• **Dataset records**:
------------------------------------------------------------------------

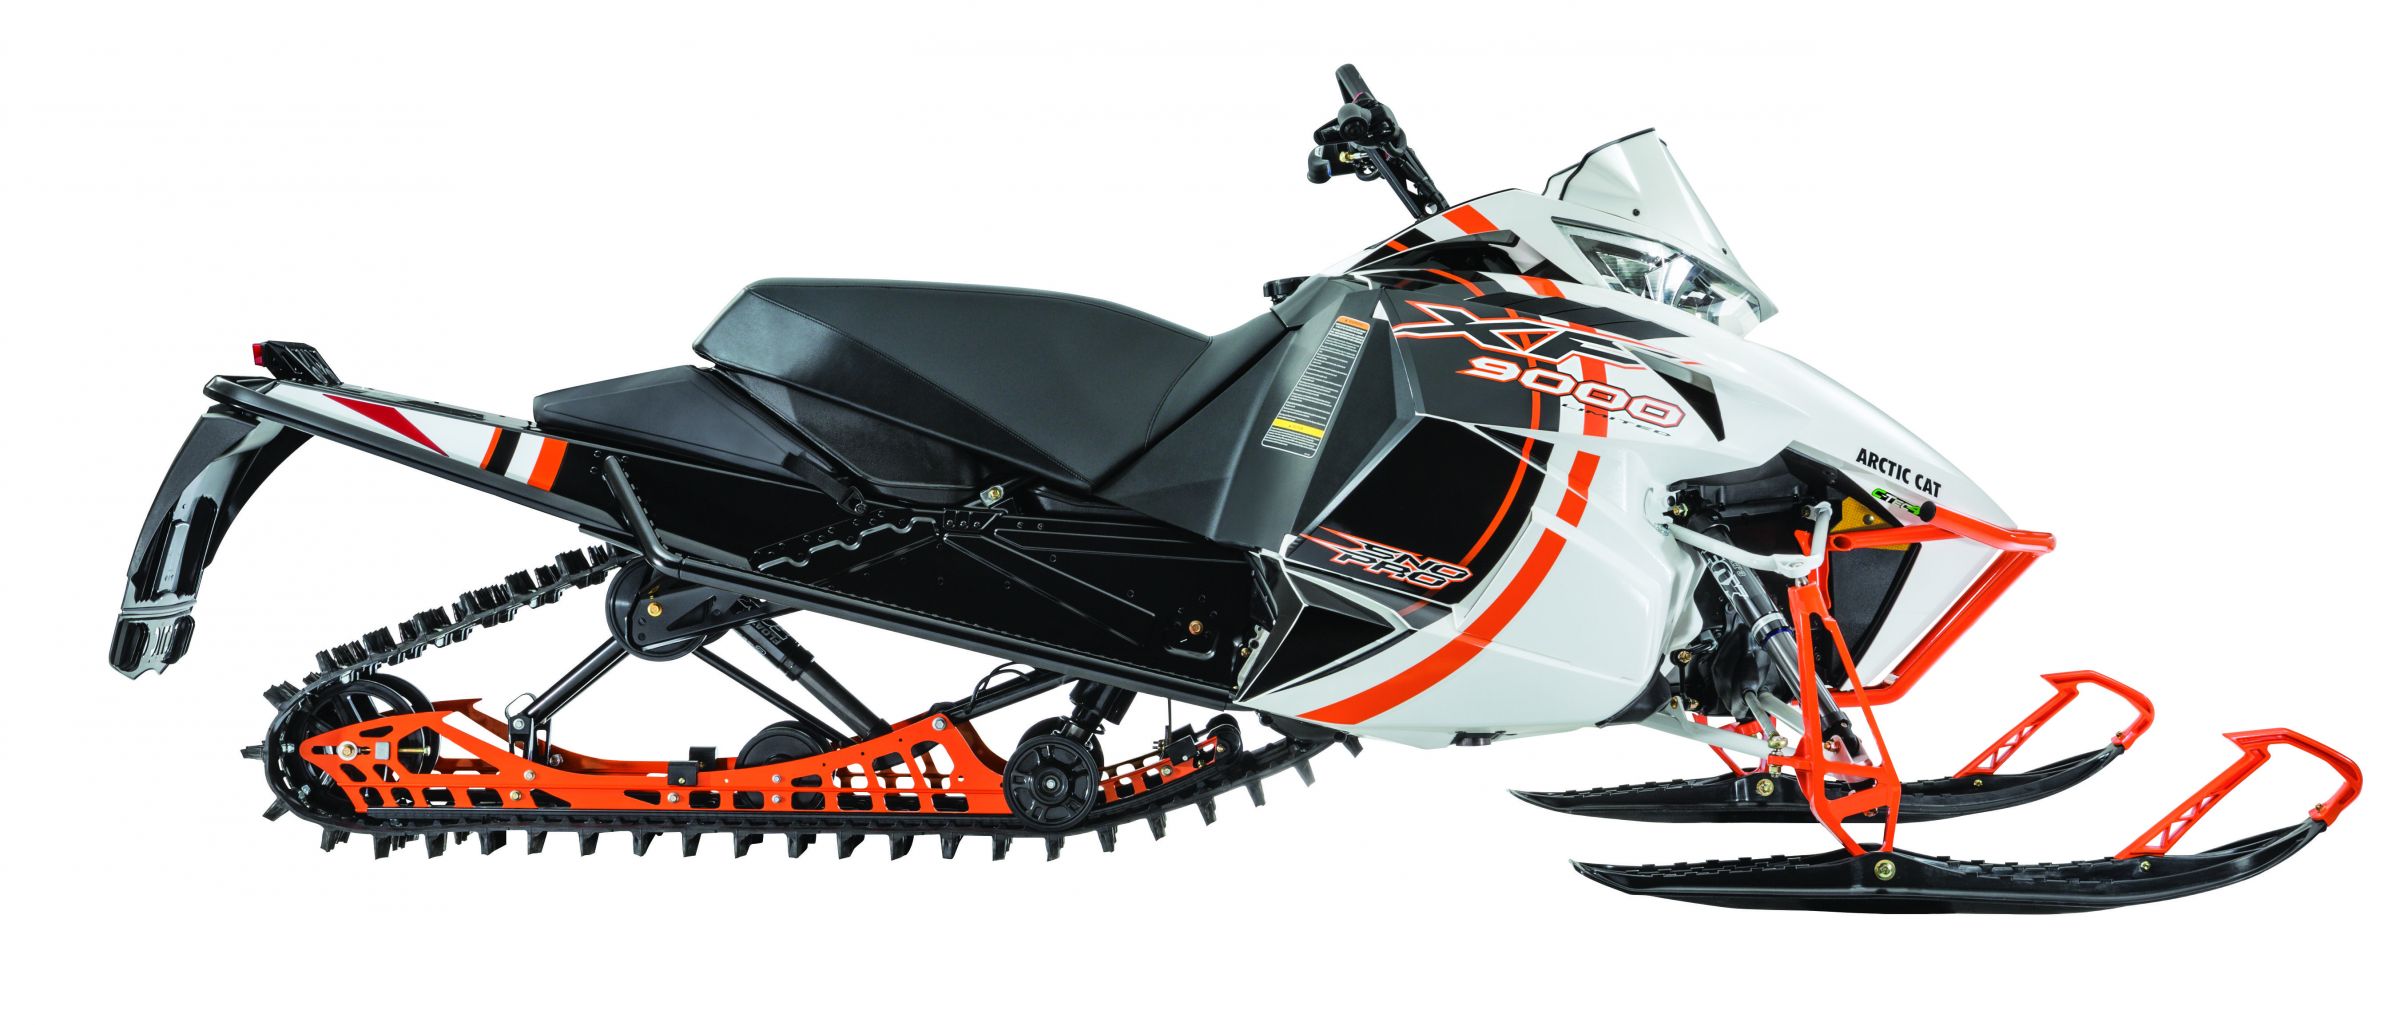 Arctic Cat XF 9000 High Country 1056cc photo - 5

------------------------------------------------------------------------

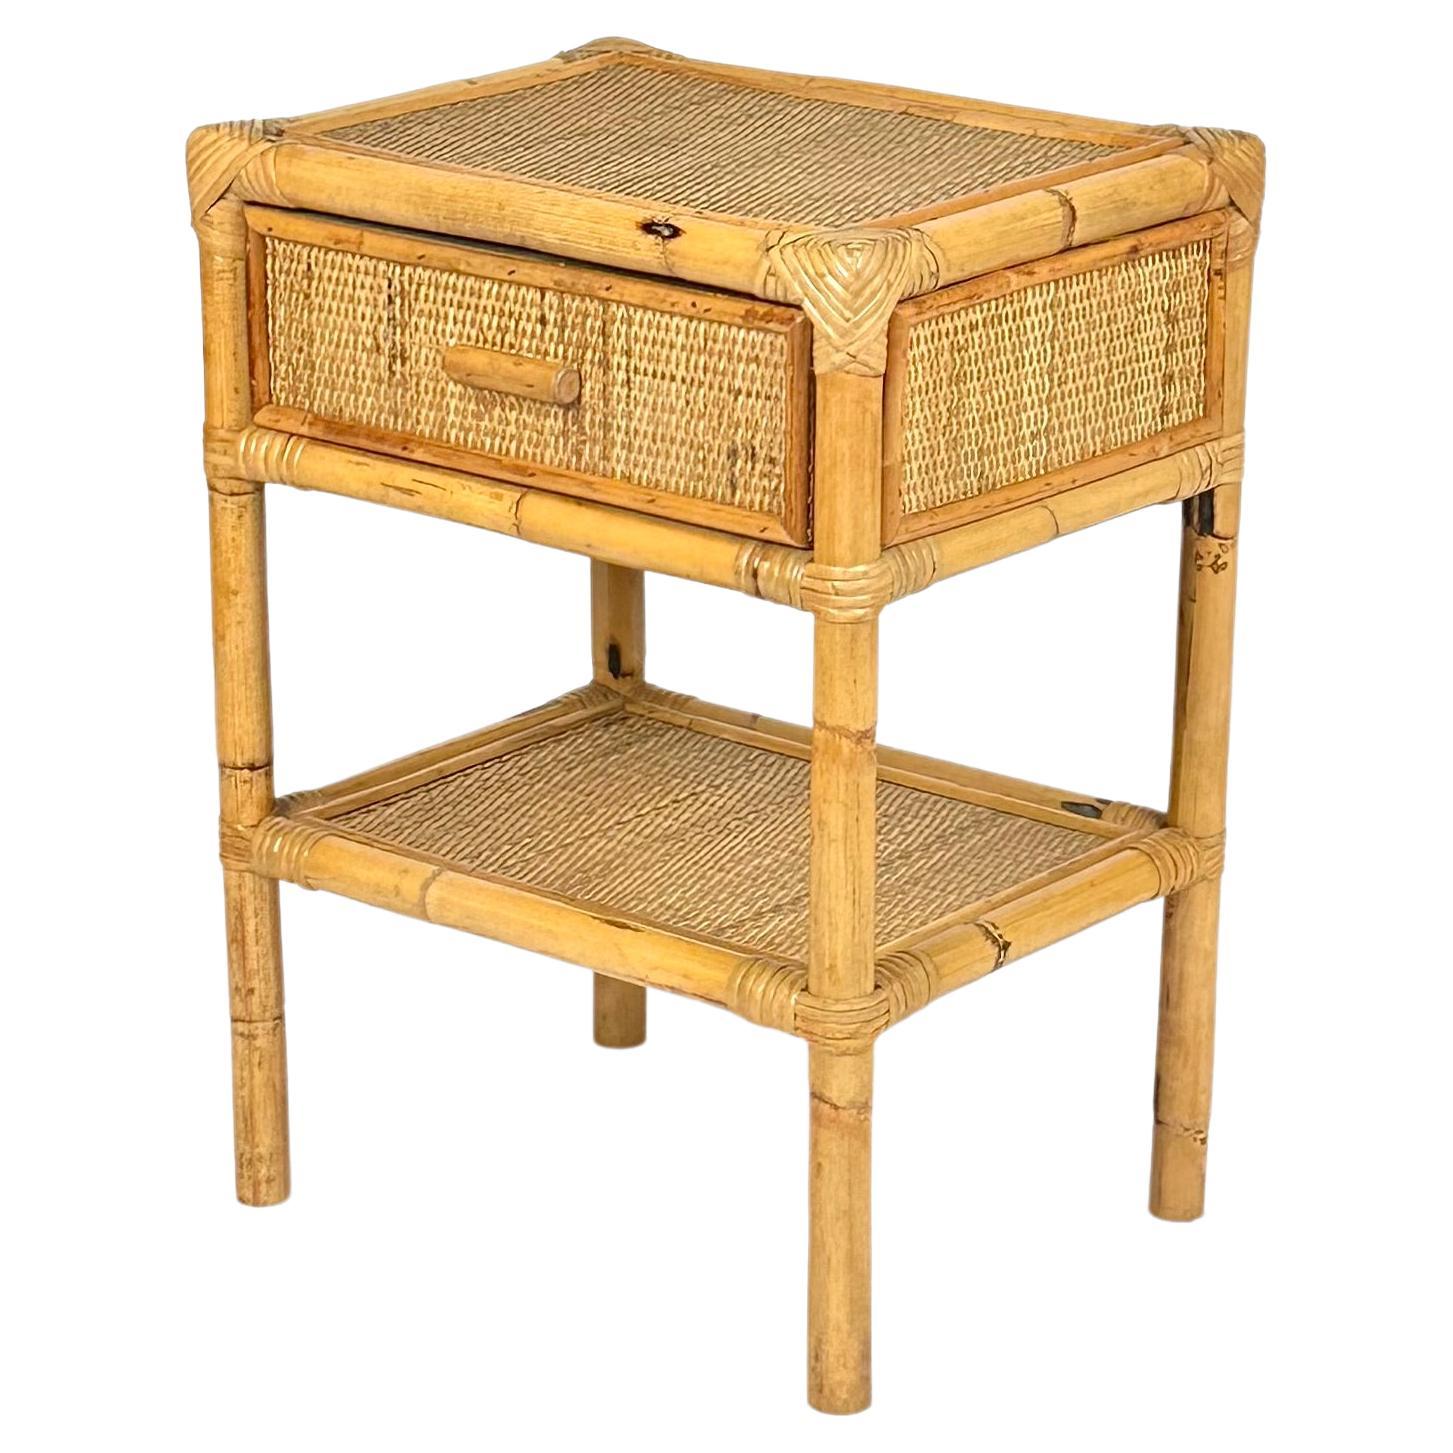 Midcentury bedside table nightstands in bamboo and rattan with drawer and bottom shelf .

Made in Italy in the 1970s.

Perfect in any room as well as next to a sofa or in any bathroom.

------------------------------------------------------------------------

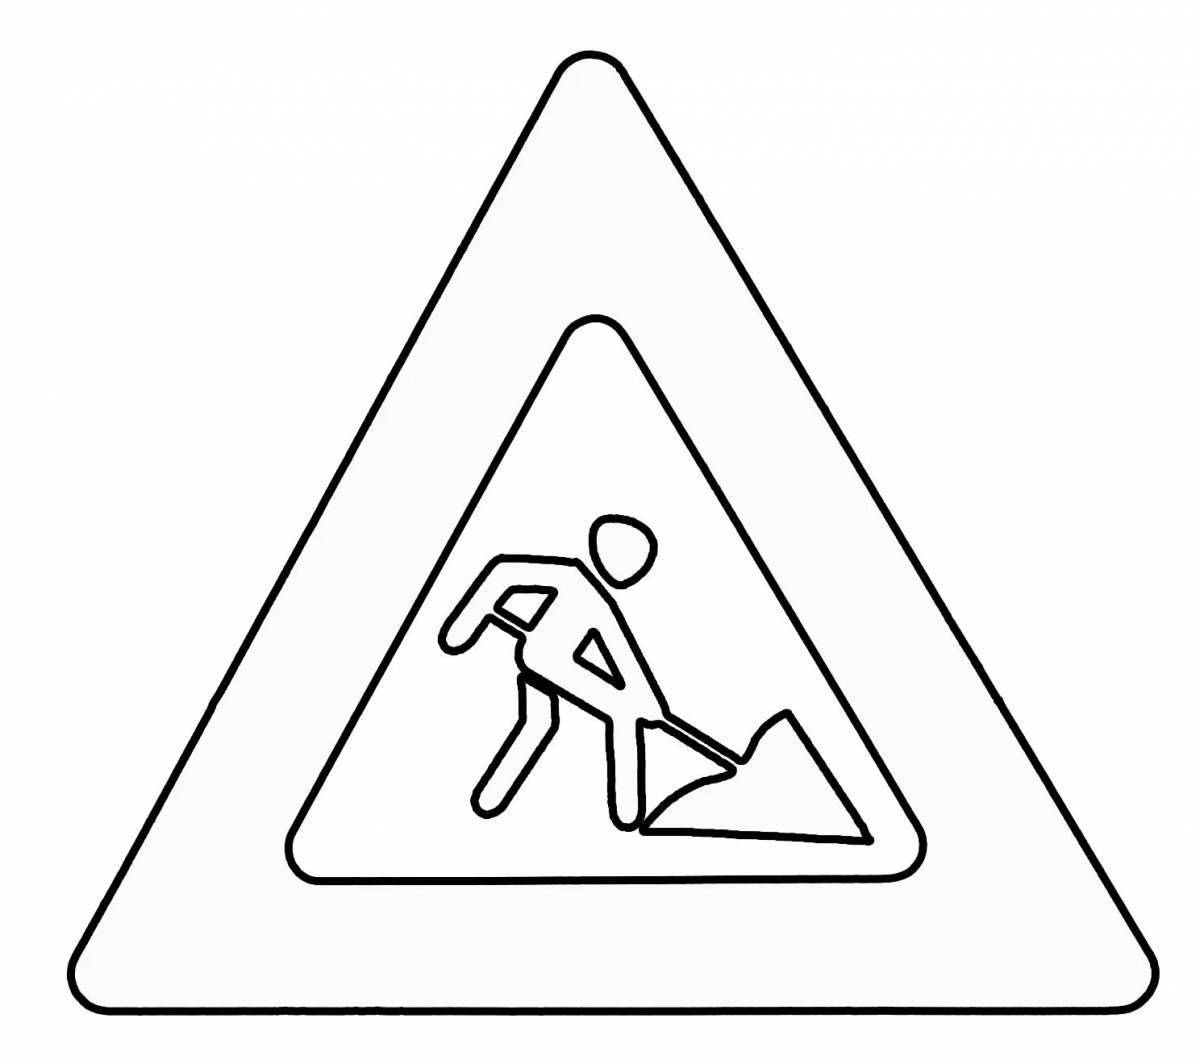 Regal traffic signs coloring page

------------------------------------------------------------------------

• **Exercise description**: Return, with no change at all, every line in the entries above from the line containing "Made in Italy in the 1970s." through the line containing "Perfect in any".

• **Expected answer**:
Made in Italy in the 1970s.

Perfect in any room as well as next to a sofa or in any bathroom.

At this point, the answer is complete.